It seems like especially things like color distribution manipulation would have a potentially very adverse effect that counters any gains from clamping the supervised learning to be “robust” to that color variation.

I’m thinking in the spirit of: < https://arxiv.org/abs/1711.11561 >.

nafizh · on June 19, 2018

Don't exactly remember the paper, but many of the claims in the paper you mentioned were seemed to be proven false. As such, augmentation like this should, if any, reduce overfitting.

mlthoughts2018 · on June 20, 2018

Could you provide a link to where the Bengio paper was “disproven”?

I would be quite surprised to learn that, especially for the experimental result they have with the low-pass Fourier filter on the training set, and also because the Bengio paper is quite recent.

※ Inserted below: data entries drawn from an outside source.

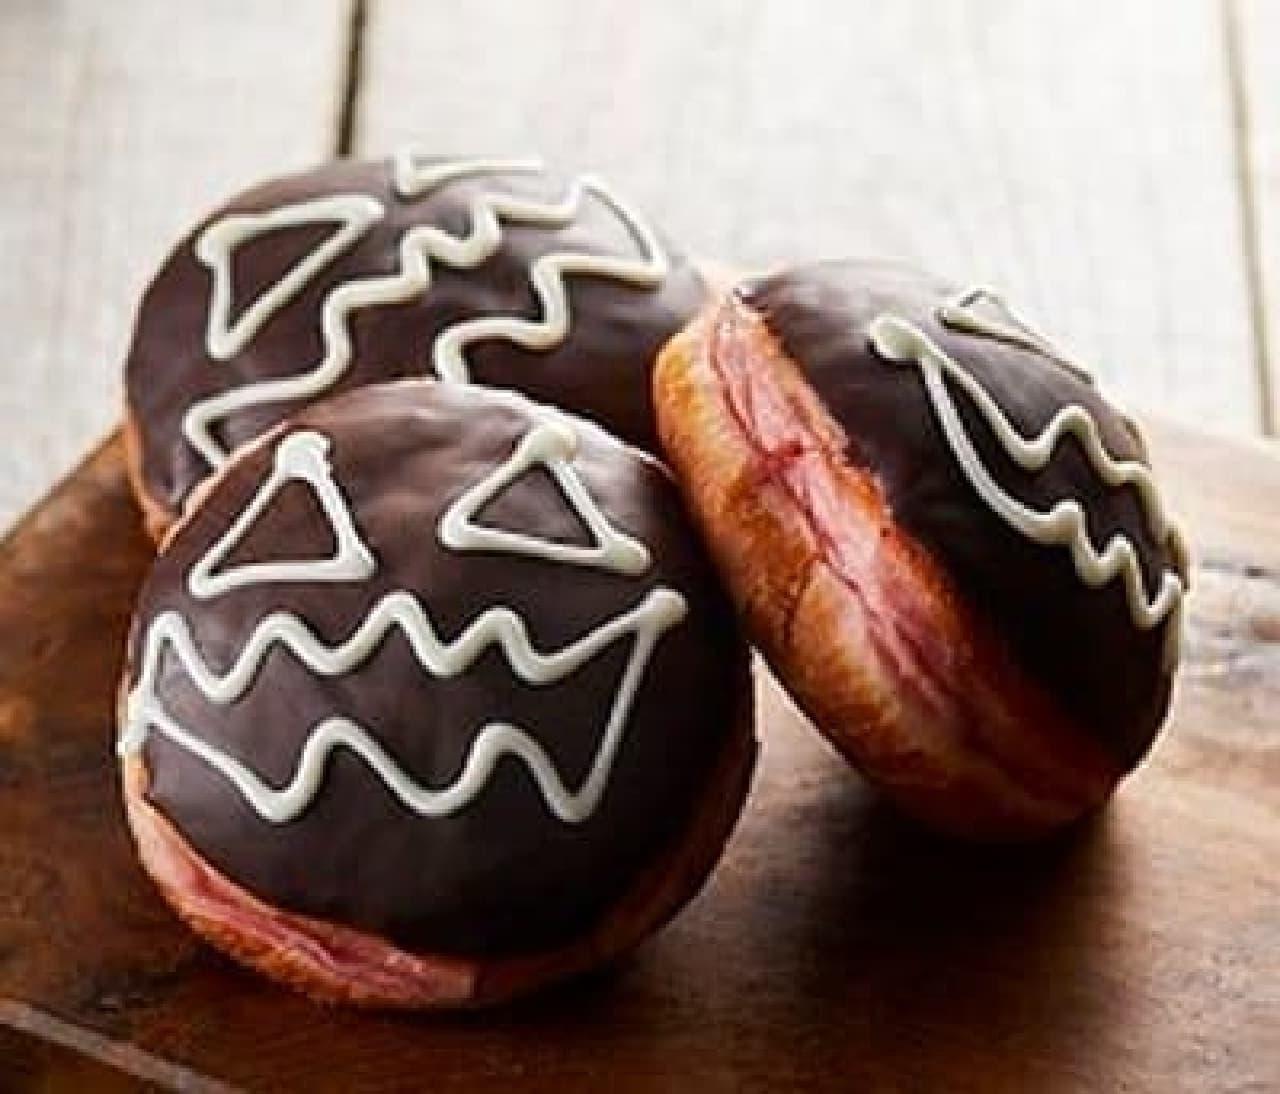 タリーズコーヒー「紫芋のハロウィンドーナツ」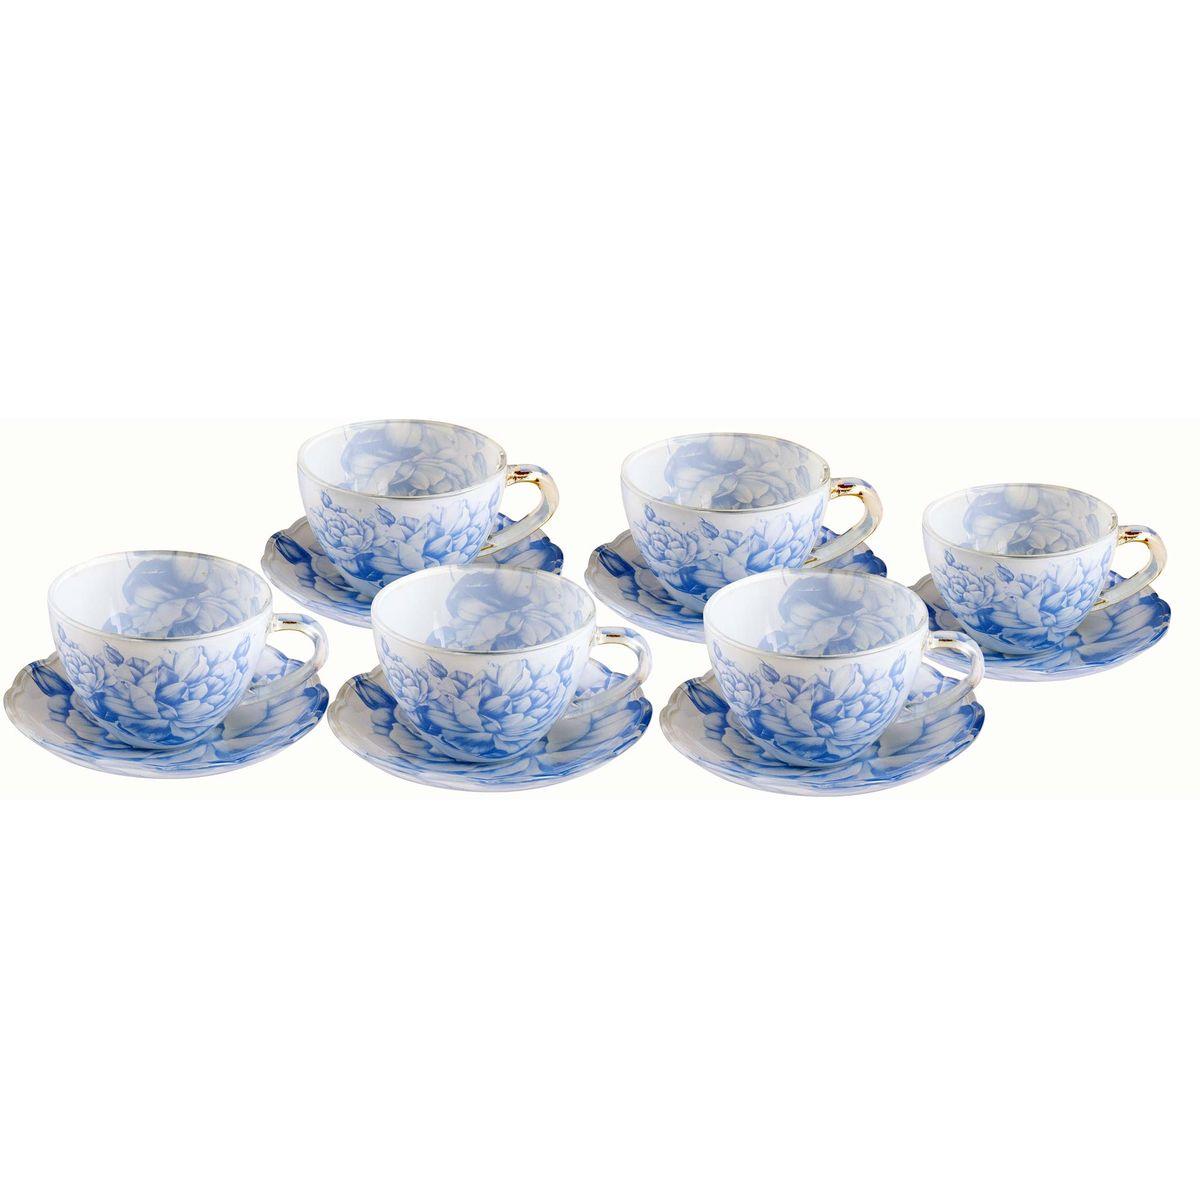 """Чайный набор """"Bekker"""" состоит из 6 чашек и 6 блюдец, выполненных из  высококачественного стекла с цветочным дизайном. Несмотря на свою  внешнюю хрупкость, каждый из предметов набора обладает  высокой прочностью и надежностью.    Такой чайный набор станет украшением стола, а  процесс чаепития превратится в одно удовольствие! А также его можно преподнести в качестве  оригинального и практичного подарка для родных и близких.  Объем чашки: 200 мл.    Диаметр блюдца: 13,5 см."""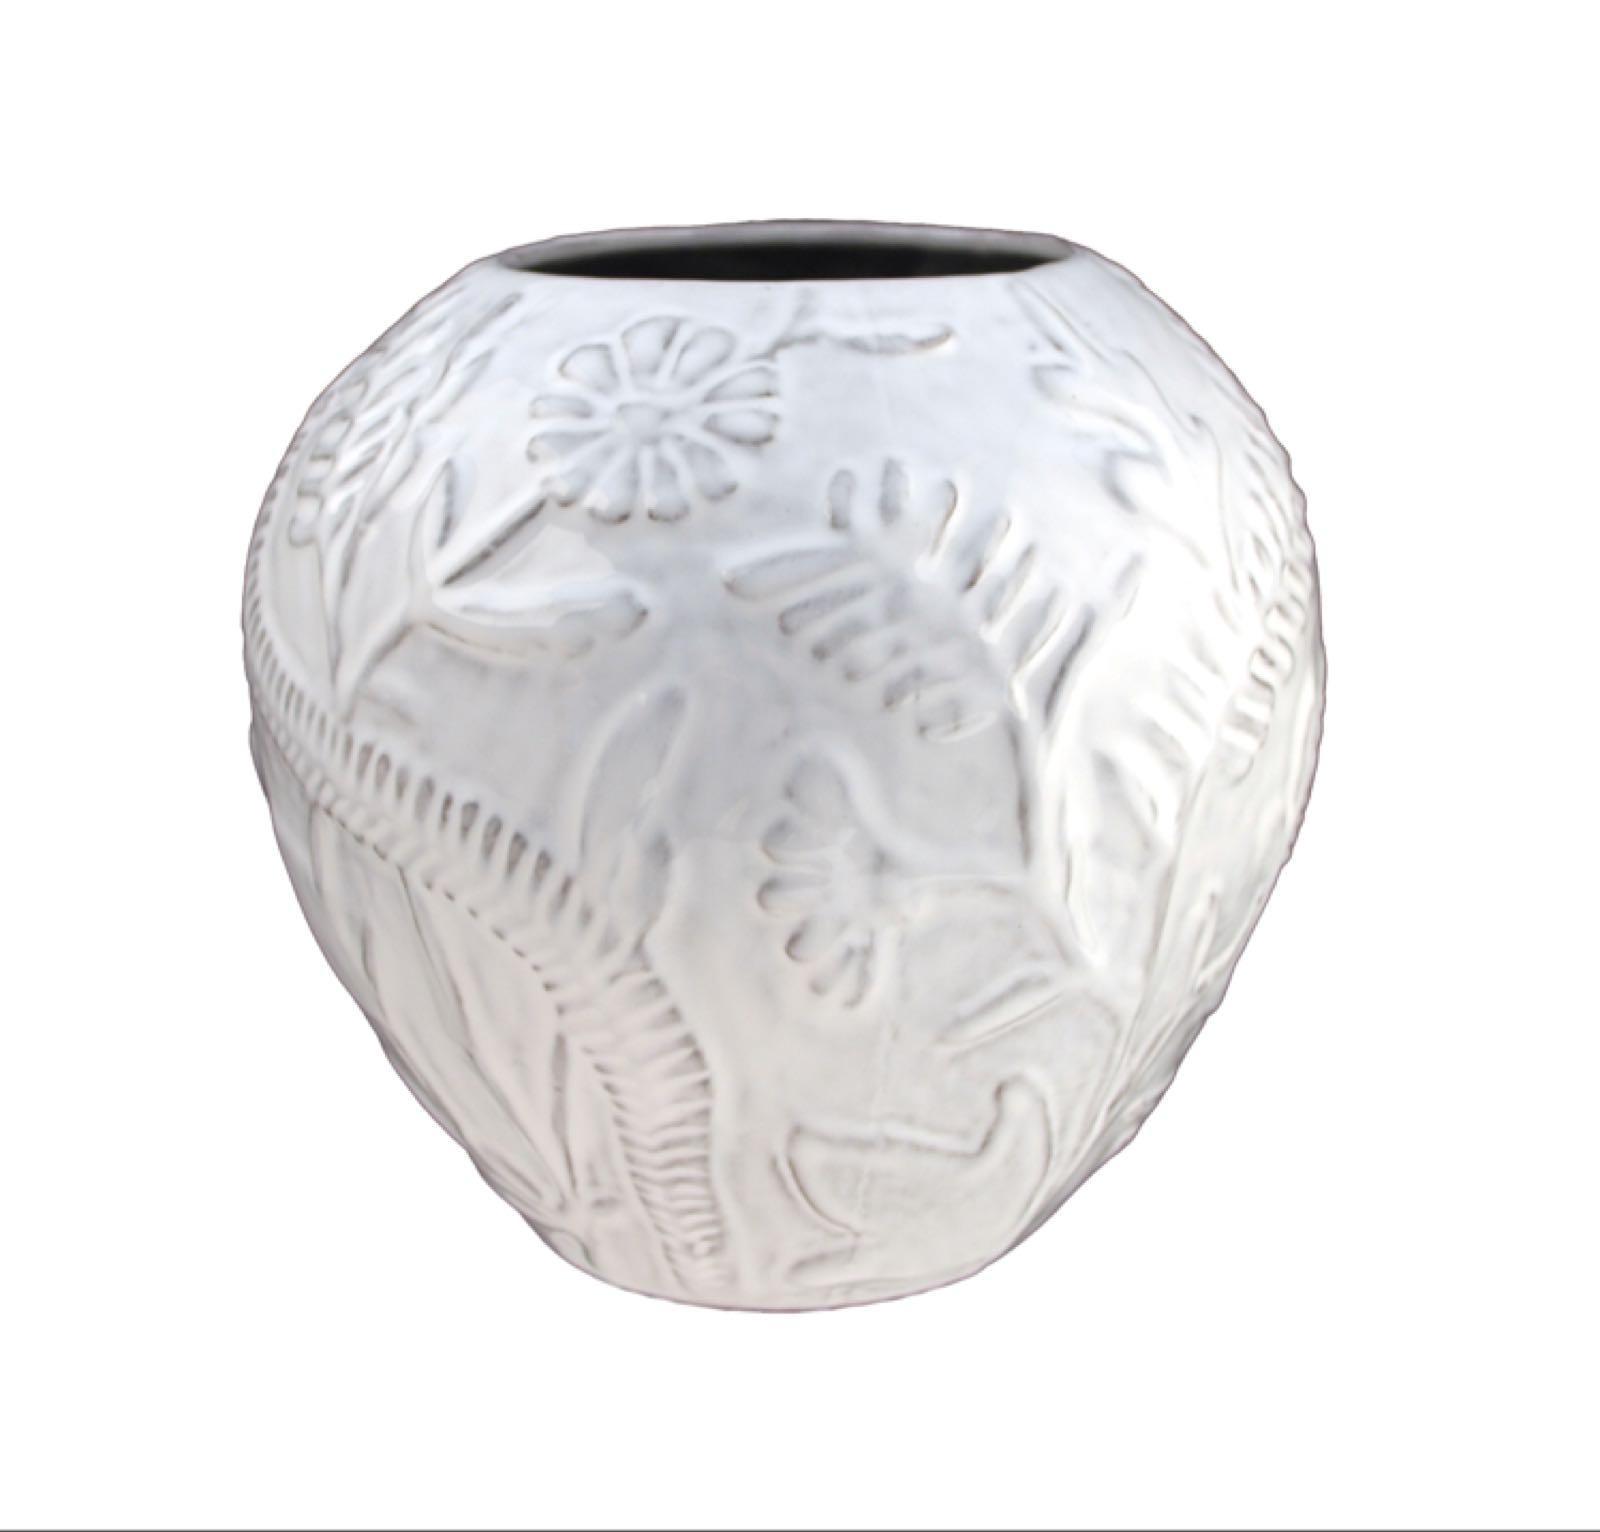 Vas Nittsjö keramik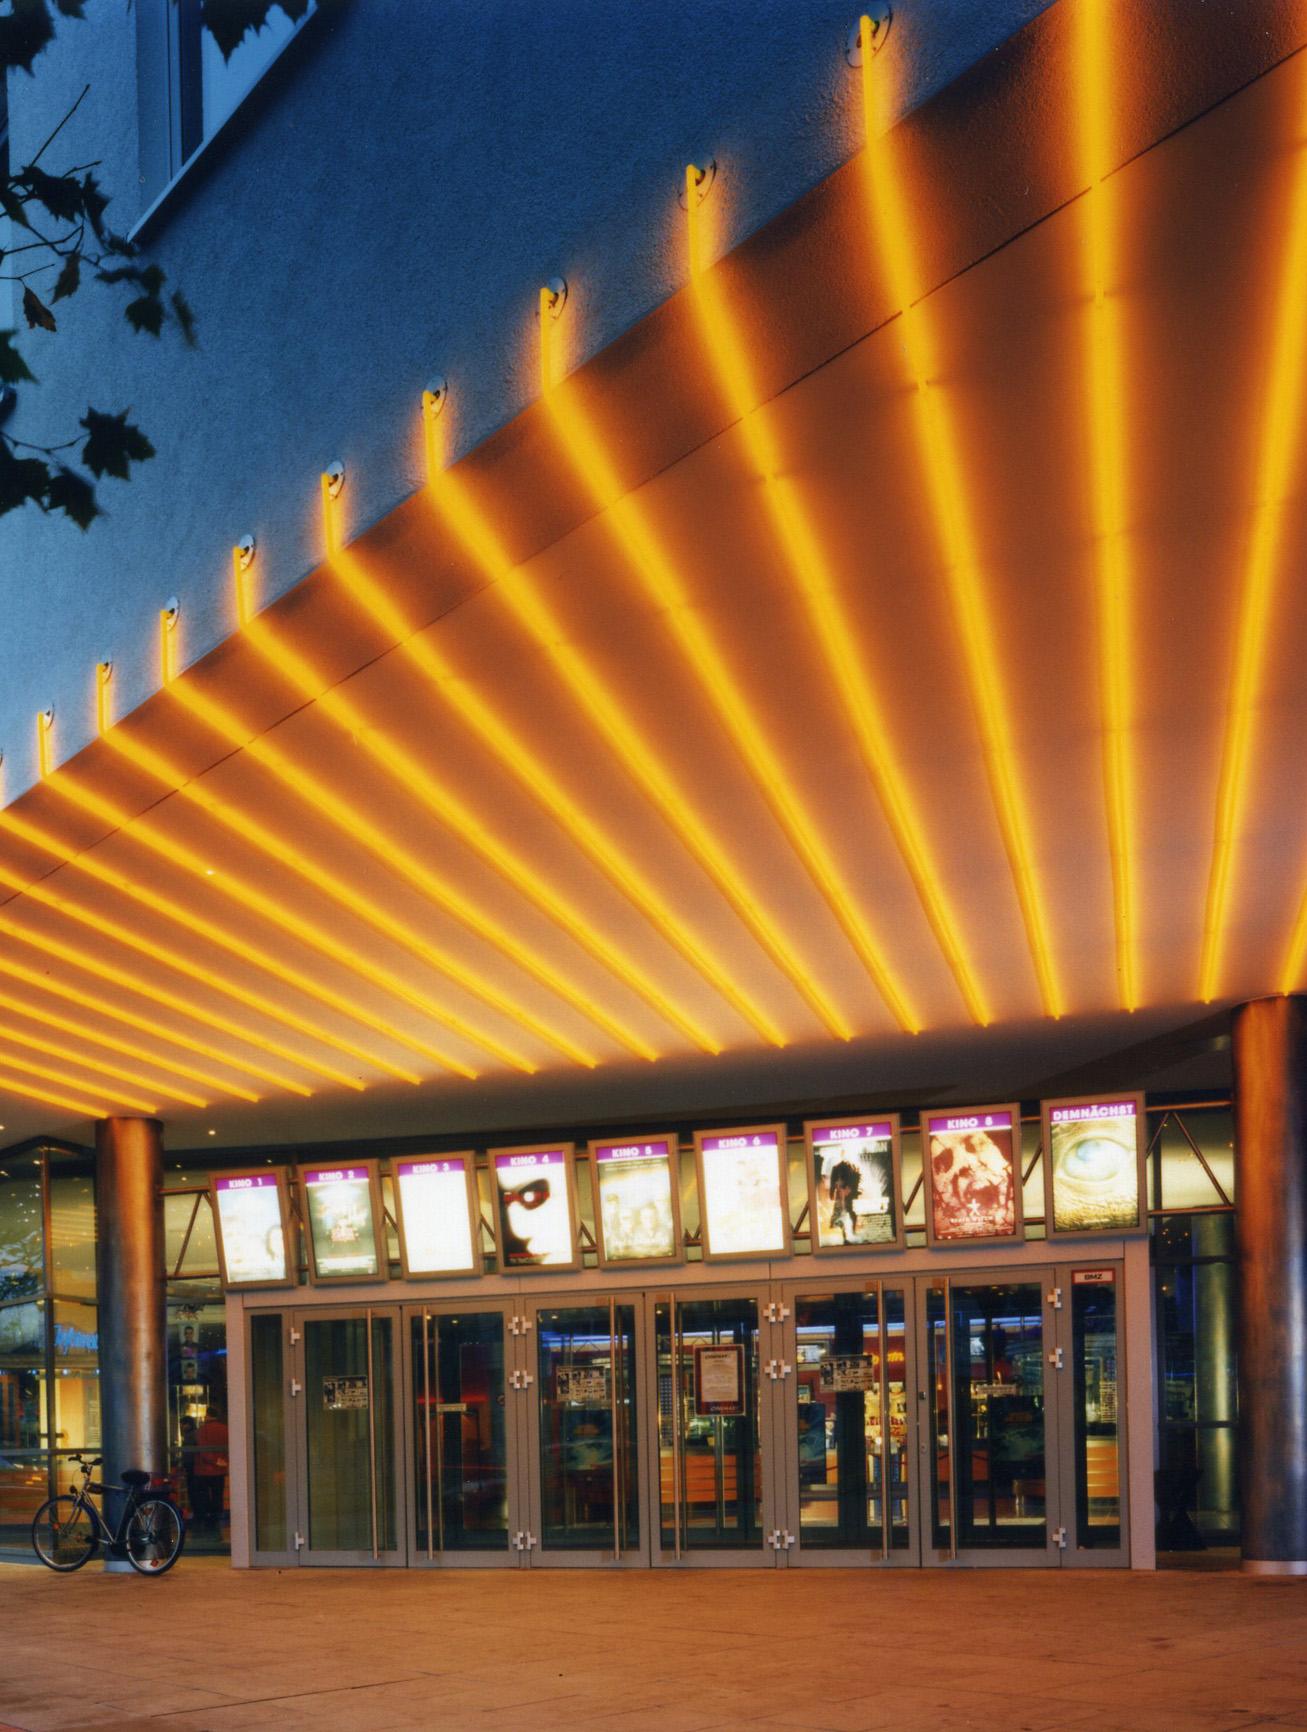 Kino Braunschweig Programm

jjn2009 · on June 19, 2018

I agree, as long as you do out of sample testing correctly then using this as a benchmark for finding the correct transformations to perform should reduce overfitting.

That said I can see how if done incorrectly you could easily end up overfitting instead.

tlb · on June 20, 2018

An example they give is that it doesn't apply shear transforms to CIFAR-10, because there aren't sheared examples in the (test) data. That makes it less indicative of real-world vision performance, given that human vision is fairly robust to shear.

An opposite sort of strategy is to apply every augmentation that doesn't increase human error rate on a test sample.

mlthoughts2018 · on June 20, 2018

Sure, I think the approach could work successfully in some cases, but I think specifically allowing it to learn transformations of the input color space would be quite problematic — you are essentially giving it more degrees of surface statistics freedom with which to data mine a better looking overfitting metric during validation steps.

XnoiVeX · on June 20, 2018

Did they share any code?